For example, the system may store the data from the blocks in
secondary copies of the data store, such as a backup copy, an
archive copy, and so on. In some cases, the system stores the data
from the blocks to a storage device located near and/or associated
with the data store, such as to a quick recovery volume that
facilitates quick restores of data.
[0046] The system may create, generate, update, and/or include an
allocation table, (such as a table for the data store) that tracks
the transferred data and the data that was not transferred. The
table may include information identifying the original data blocks
for the data, the name of the data object, the location of any
transferred data blocks, and so on.

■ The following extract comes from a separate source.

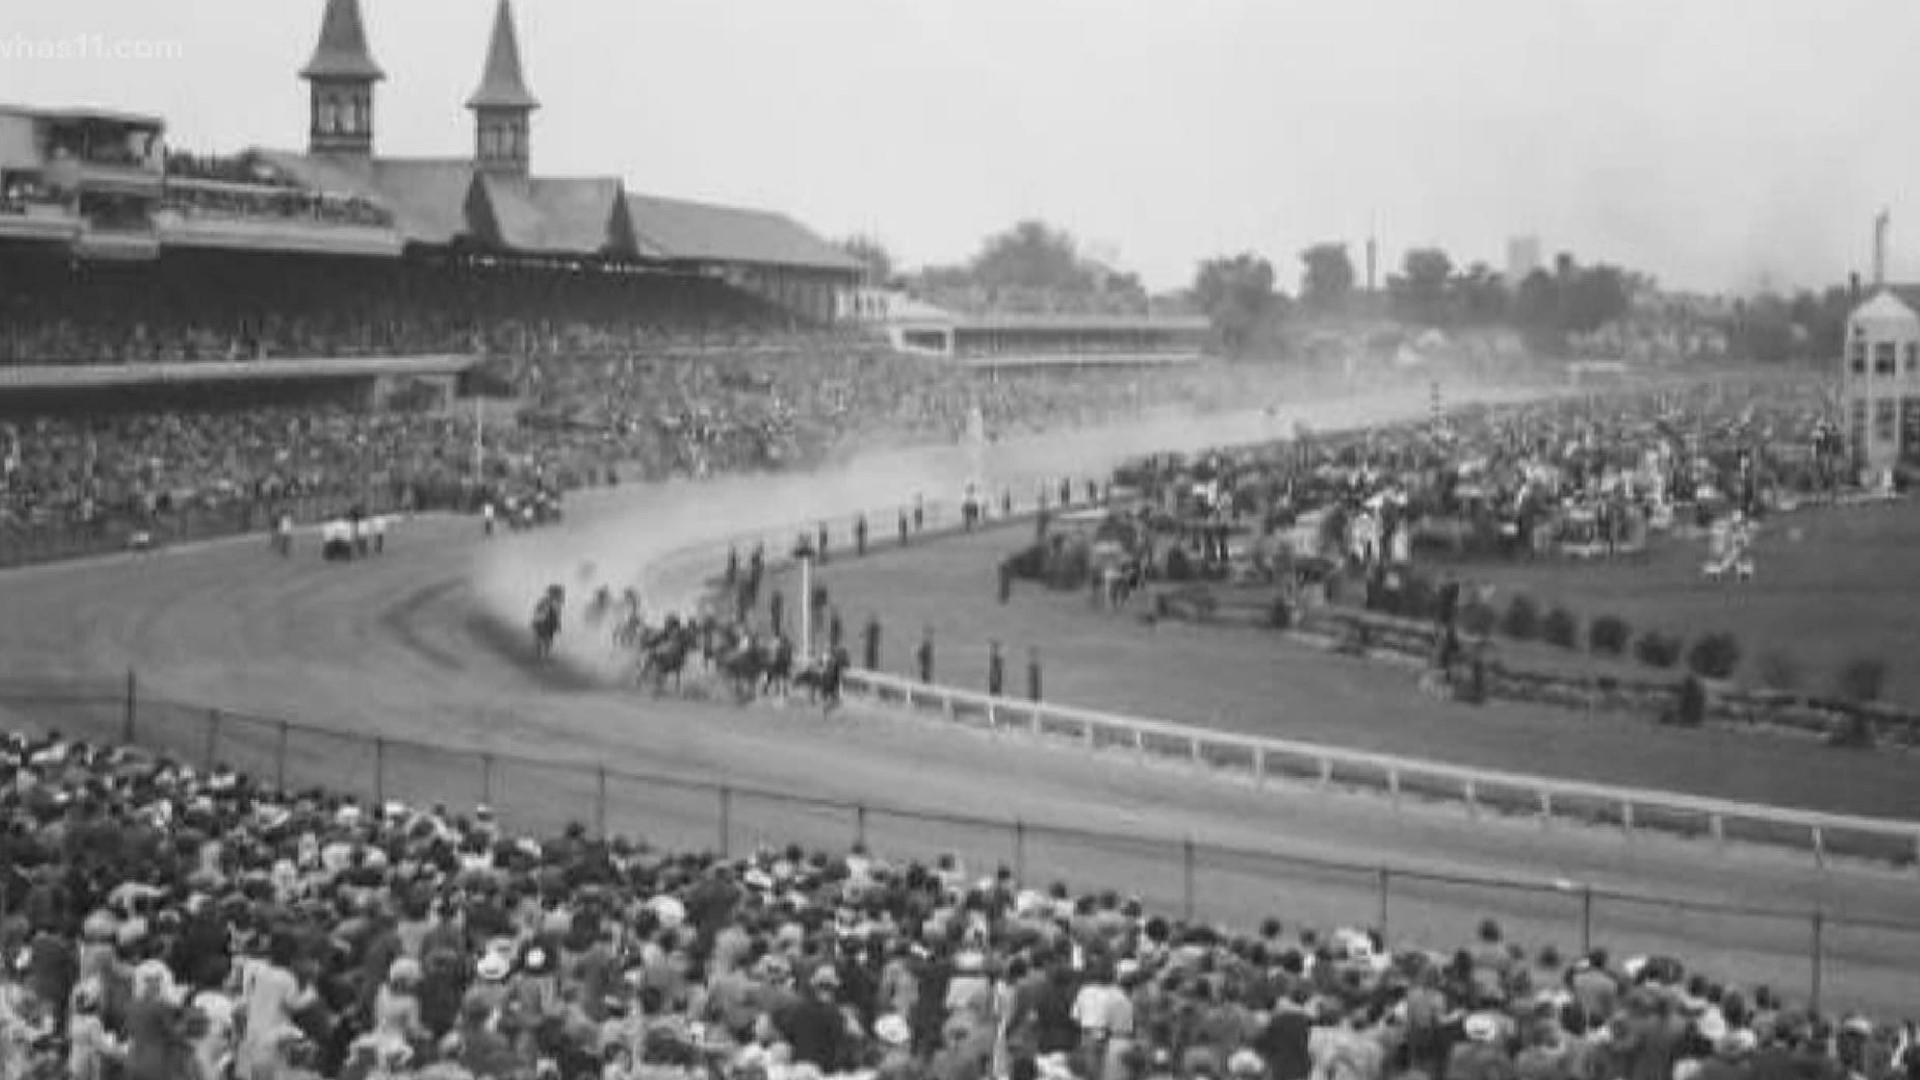 The trail of history is one of beating the odds for the world's most famous horse race. The Kentucky Derby has never been canceled.

For example, Table 2 provides
entry information for an example .pst file:
TABLE-US-00002 TABLE 2 Name of Data Object Location of data Email1
C:/users/blocks1-100 Email2.1 (body of email)
C:/users/blocks101-120 Email2.2 (attachment) X:/remov1/blocks1-250
Email3 X:/remov2/blocks300-500
[0047] In the above example, the data for "Email2" is stored in two
locations, a local data store (C:/) and an off-site data store
(X:/). The system maintains the body of the email, recently
modified or accessed, at a location within a data store associated
with a file system, "C:/users/blocks101-120." The system stores the
attachment, not recently modified or accessed, in a separate data
store, "X:/remov1/blocks1-250." Of course, the table may include
other information, fields, or entries not shown. For example, when
the system stored data to tape, the table may include tape
identification information, tape offset information, and so on.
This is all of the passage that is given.